Amid all this, compact car sales have risen 5% year to date -- and I believe that has been siphoning money from discount retailers. After all, a mom seeking reliable transportation, trading up for a new Toyota Corolla, is likely to make a few cutbacks in monthly household budget.
Also sucking in people are new technologies and automobile designs. I think many stock analysts are overlooking what Apple (AAPL) may be about to do in the auto industry. Already, we are seeing signs of dashboard info-tainment innovation from the company and rival Google (GOOGL) .
Moreover, luxury-car sales volume increased 5% in July from the start of the year. More affordable prices on luxury names have attracted the youth -- which, yes, may be preventing money from going into the registers of apparel retailers.
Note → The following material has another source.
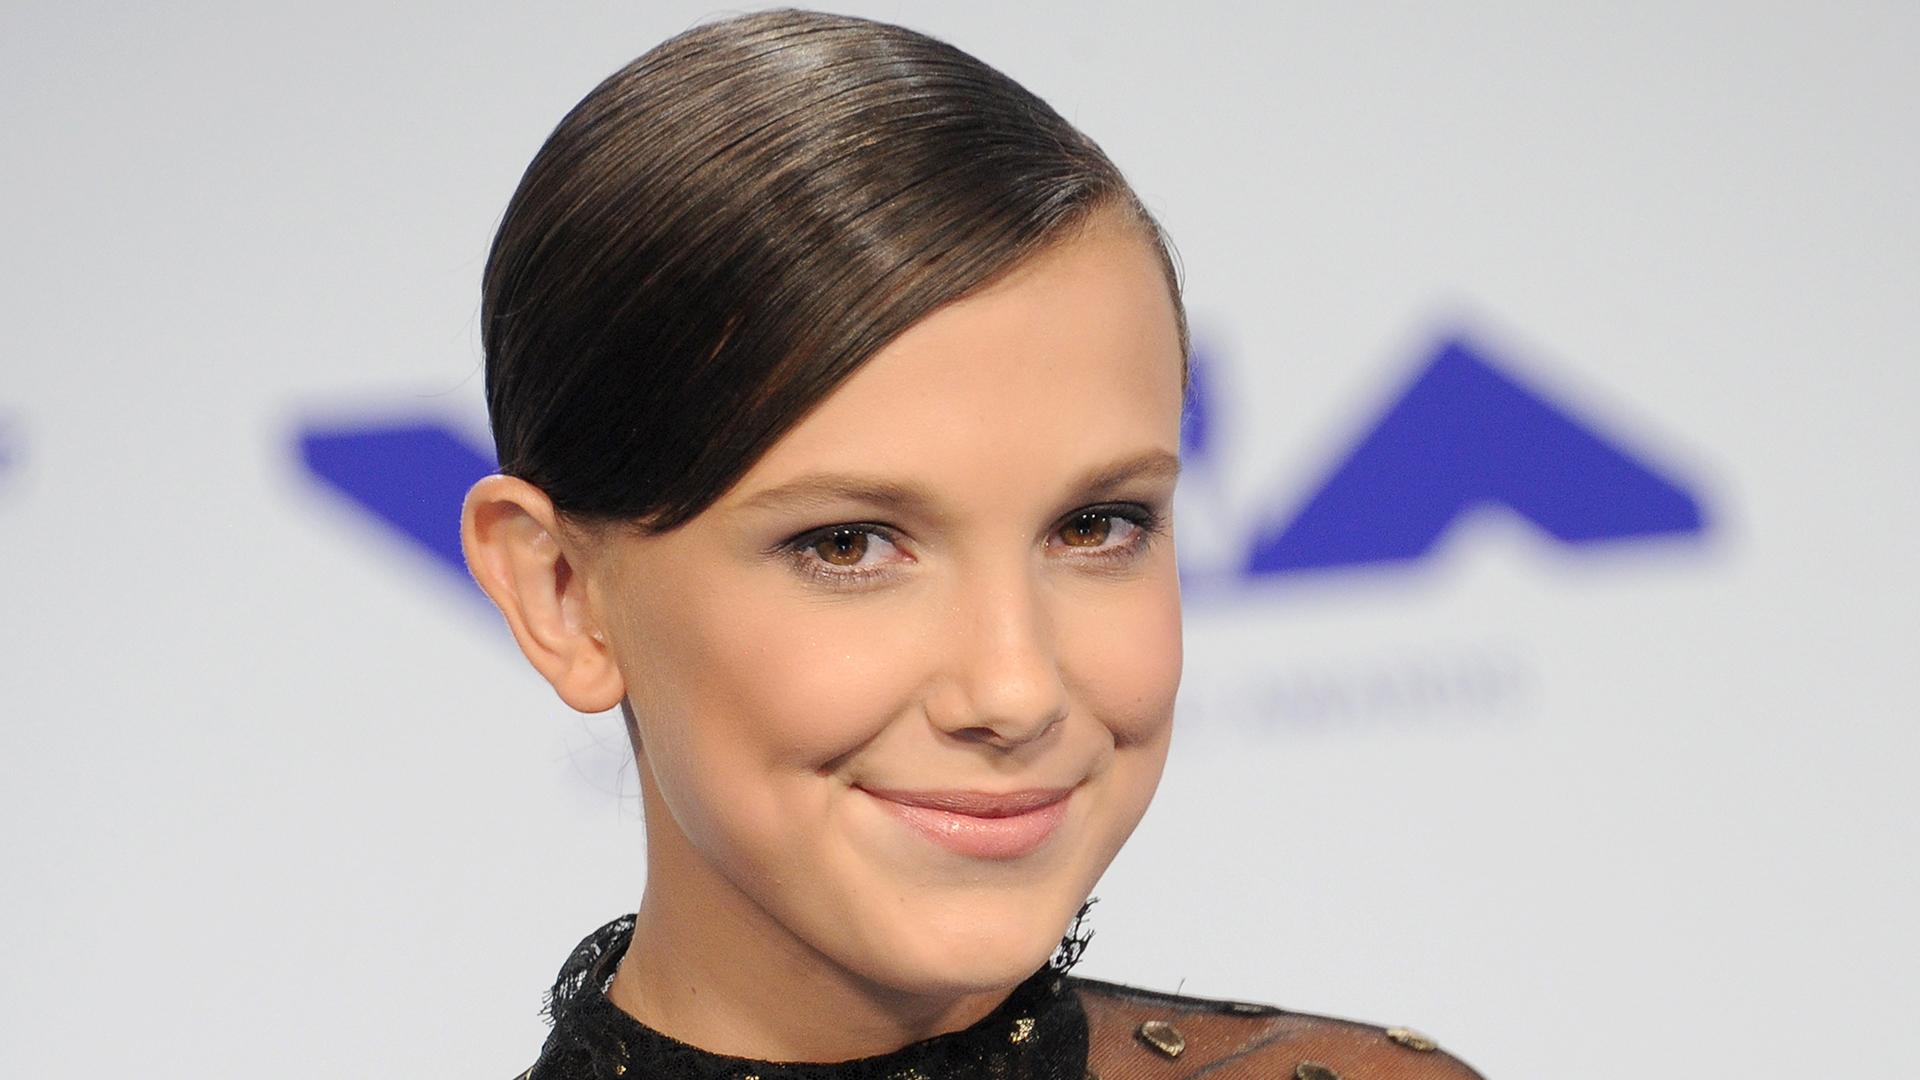 Stranger Things' Millie Bobby Brown opens up about being deaf in one ear

Sorry, J. Crew, this millennial needs a new whip.
Meanwhile, over in the auto industry itself, the sales strength is not really being depicted in the stock-price multiples of the major players. All of these automakers sport price-to-earnings ratios below that of the S&P 500 as investors have clamored to load up on the sexy growth story that is Tesla (TSLA) (whose shares are up 88% year to date). Only until recently have shares of beleaguered General Motors (GM) commanded a P/E ratio above that of the S&P 500. Other names have continued to experience limited multiple expansion.
There is one place where the auto-sales strength is being nicely reflected, however: rail carloads, as confirmed by bullish comments on the auto market from Alcoa (AA) at the start of second-quarter earnings season.
In that vein: Want to try and get on TV as the Next Great Stock Price Predictor? Then pay careful attention to rail carloads. Right now, these figures indicate that businesses and consumers are beginning to fear potentially higher interest rates on U.S. Treasuries in 2015 and heightened geopolitical risks overseas.